Soft removals mess up query plans
For issues, merge requests, and various other tables we use soft removals. Instead of moving soft removed data to a separate table we use deleted_at
timestamp columns that we filter by along the lines of WHERE deleted_at IS NULL
.
In almost all cases this will lead to a less than ideal query plan where PostgreSQL will use a Filter for this column instead of being able to perform a regular index scan. The most recent example of this can be found in https://gitlab.com/gitlab-org/gitlab-ce/merge_requests/13995. The exact performance overhead is hard to estimate because this depends on the amount of soft removed data.
This particular problem is similar to that of storing both active and pending members in the same table, then filtering them out using a column: https://gitlab.com/gitlab-org/gitlab-ce/issues/30704. In both cases the solution is very simple: store the data in a separate table and you never have to filter by it. Or perhaps even better: just hard remove it.
In the past we had rogue bots trying to remove users. While soft removals would have prevented physical data loss the current setup (and in my opinion soft removals in general) are the wrong approach. Something as dangerous as physically removing a user is something that should never happen unattended in the first place, soft removals or not. This is like removing a production database and then blaming the file system for not having a transaction log that you can replay/revert.
This might be a bit of an extreme approach (and I don't know if we can revert soft removals), so an alternative would be to store data in a separate table. This table could either be a 1:1 copy structure wise, or use JSON. I'm genuinely not a fan of storing structured data but this might be one of few cases where it could be useful for storing the row's details without having to replicate the entire schema.

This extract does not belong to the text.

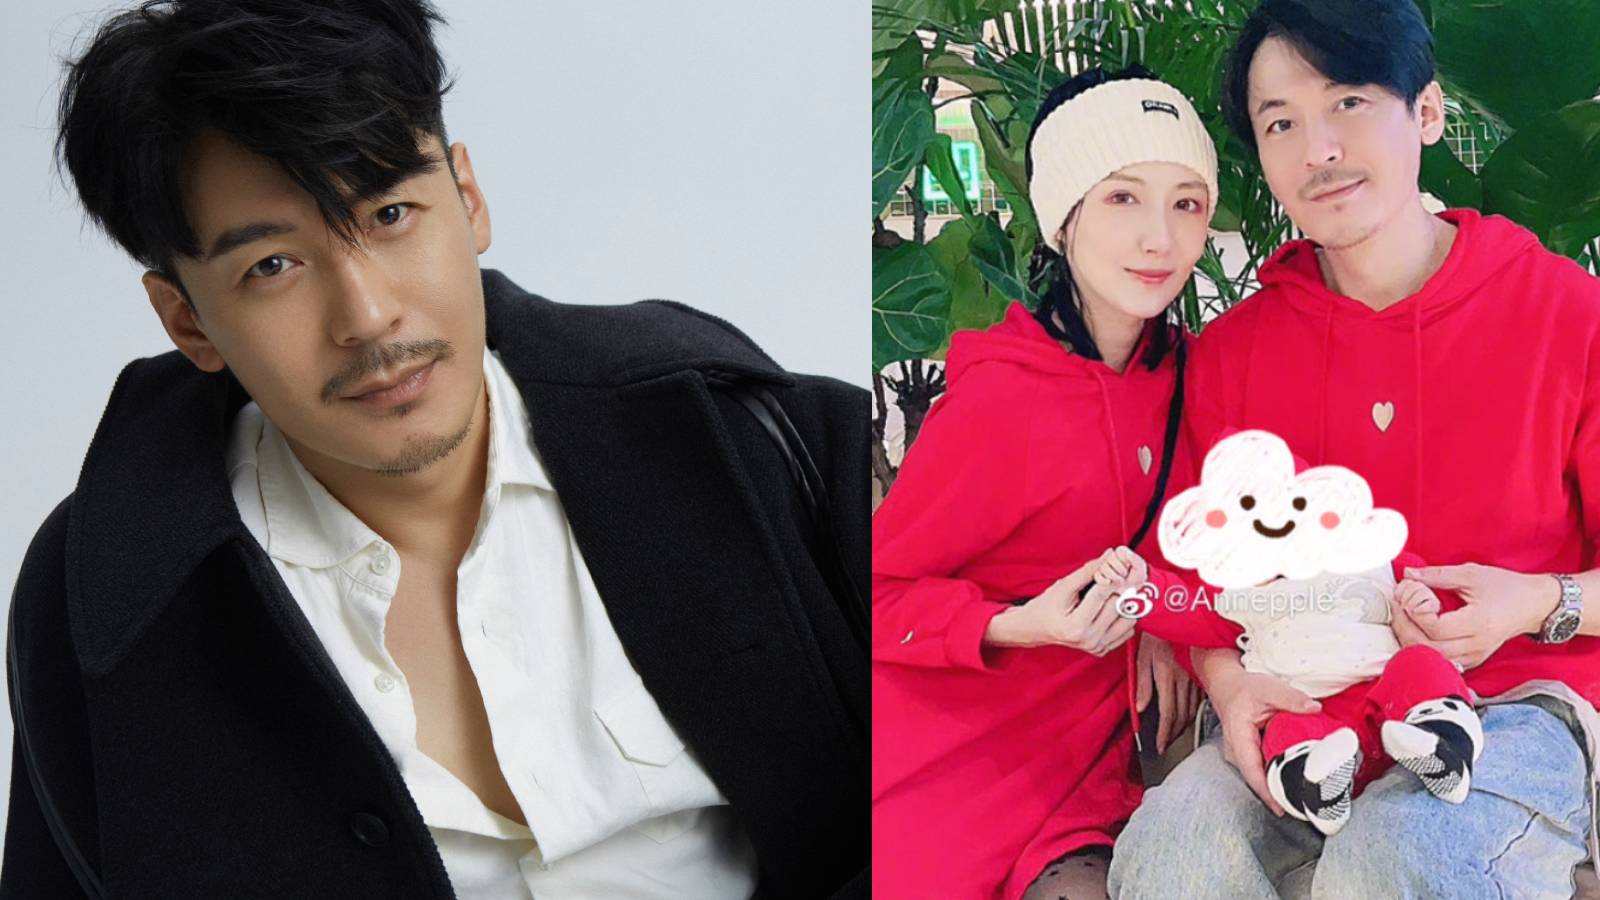 Chinese Actor Wang Dong'S Wife Just Called Him Out For Going Mia On Her  Even Though Their Daughter Is Only 6 Months Old - 8Days

A downside is that when migrating the source table we might also have to migrate removed rows as we may otherwise be unable to restore them. In general however I would advise just getting rid of soft removals all together as it removes a lot of complexity.
I'm labelling this AP2 not because it impacts timings so much, but because it impacts every single query that goes to issues
or merge_requests
. This means that getting rid of this would potentially improve a lot of queries (or at the very least make their plans simpler).